At present, overseas markets such as the U.S. and Japanese stocks have accumulated a large increase, showing obvious overbought in the short and medium term, which provides the possibility for subsequent short selling. At the same time, exchange rate risk, geopolitical risk, various transaction settlement risks and market liquidity risk are also affecting the investment experience, and the performance of related products has no choice but to give way. As of May 15, all QDII funds with annual returns of more than 20% were Hong Kong themed, while the same period last year was dominated by the U.S. stock theme. In addition, the recent fluctuations in the yen exchange rate also led to the withdrawal of the actual returns of related QDII funds.

Wind data shows that, as of May 15, more than 300 QDIIs have issued fund premium risk warning announcements in the year. Especially since May, the relevant announcements have reached the level of "daily change". In addition to the theme of bulk commodities, most products are concentrated in the United States, Japan and other stock markets, accounting for nearly 70%.
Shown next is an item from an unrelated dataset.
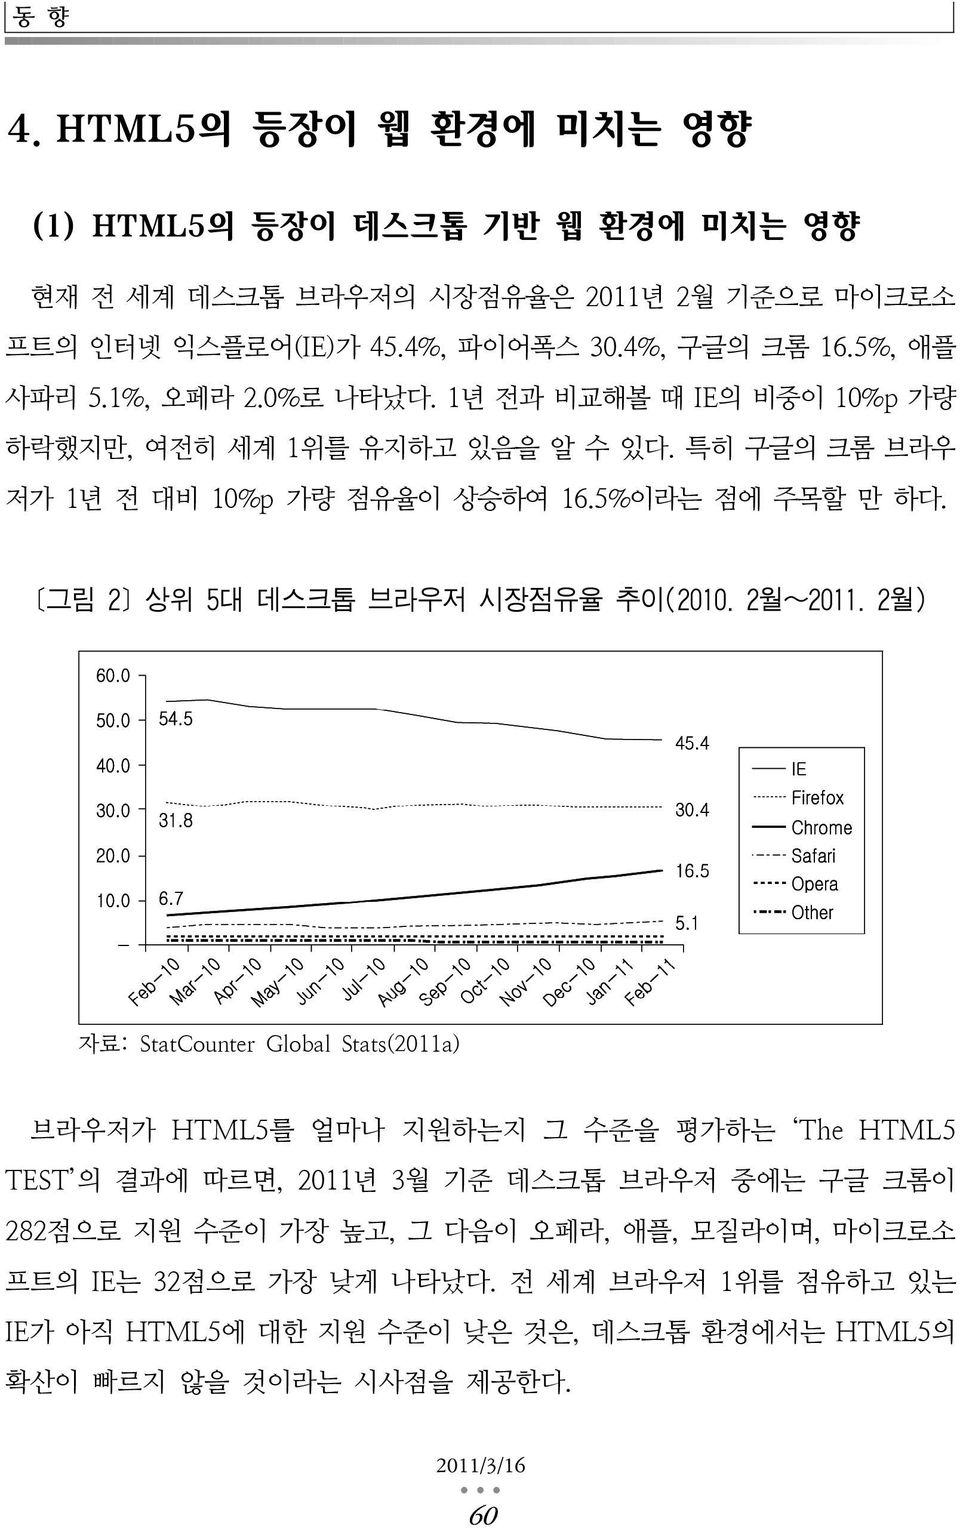 [그림 2] 상위 5대 데스크톱 브라우저 시장점유율 추이(2010. 2월~2011.

However, as China's economy continues to recover, the foundation for high-quality development of the capital market is consolidated, the asset valuation adjustment is fully cost-effective, and the investment environment continues to optimize and other positive factors are verified and strengthened, it has become an indisputable fact that China's equity market has more opportunities than challenges. The return of a large amount of capital to domestic assets will form a joint force with the stock capital, further promoting the return of the value of A-shares and Hong Kong shares.

This, to some extent, explains the consideration that QDII fund managers have been singing about more domestic assets and choosing to allocate more Hong Kong shares. According to the statistics of Guojin Securities Research Institute, in the first quarter, the number of Hong Kong equity theme funds (including Hong Kong equity QDII funds and Shanghai Hong Kong Shenzhen funds) in which the market value of publicly offered investment in Hong Kong shares accounted for more than 30% of the fund's net asset value reached 265, an increase of 12 from the previous quarter, with a total scale of 295.1 billion yuan. Among them, the proportion of Hong Kong stock positions of "Hong Kong Stock Connect High Hong Kong Stock" and "Hong Kong Stock Connect AH Balance" funds reached a new high in recent three years, reaching 81% and 39% respectively; The position of Hong Kong stocks in the category of "Hong Kong stocks QDII high Hong Kong stocks" also rose to 76%. In addition, there are some QDII funds within the scope of the fund contract that can hold a large proportion of U.S. stocks. By the end of the first quarter, the position of Hong Kong stocks had reached more than 80%, while the position of U.S. stocks had dropped to about 4%. Many top public fund managers said frankly that the time and space for adjustment of the domestic stock market has been long enough and deep enough, and the valuation is at a relatively low historical level. Overseas liquidity is expected to be improved in the second half of 2024, and there are still many high-quality domestic assets to be tapped. While focusing on increasing positions in the medium and short term strategy, we will also pay attention to the rhythm in tactics.

Nevertheless, the original purpose of QDII fund products is to provide domestic investors with more diversified investment tools. In the face of the current market situation, public funds should comprehensively strengthen their professional ability and be brave to be value discoverers in the capital market; Enhance the international vision and overall concept, better grasp the development law and underlying logic of the capital market, improve the level of strategic decision-making and professional service ability, provide comprehensive solutions based on long-term interests and short-term needs of investors, and effectively improve the sense of gain of fund investors.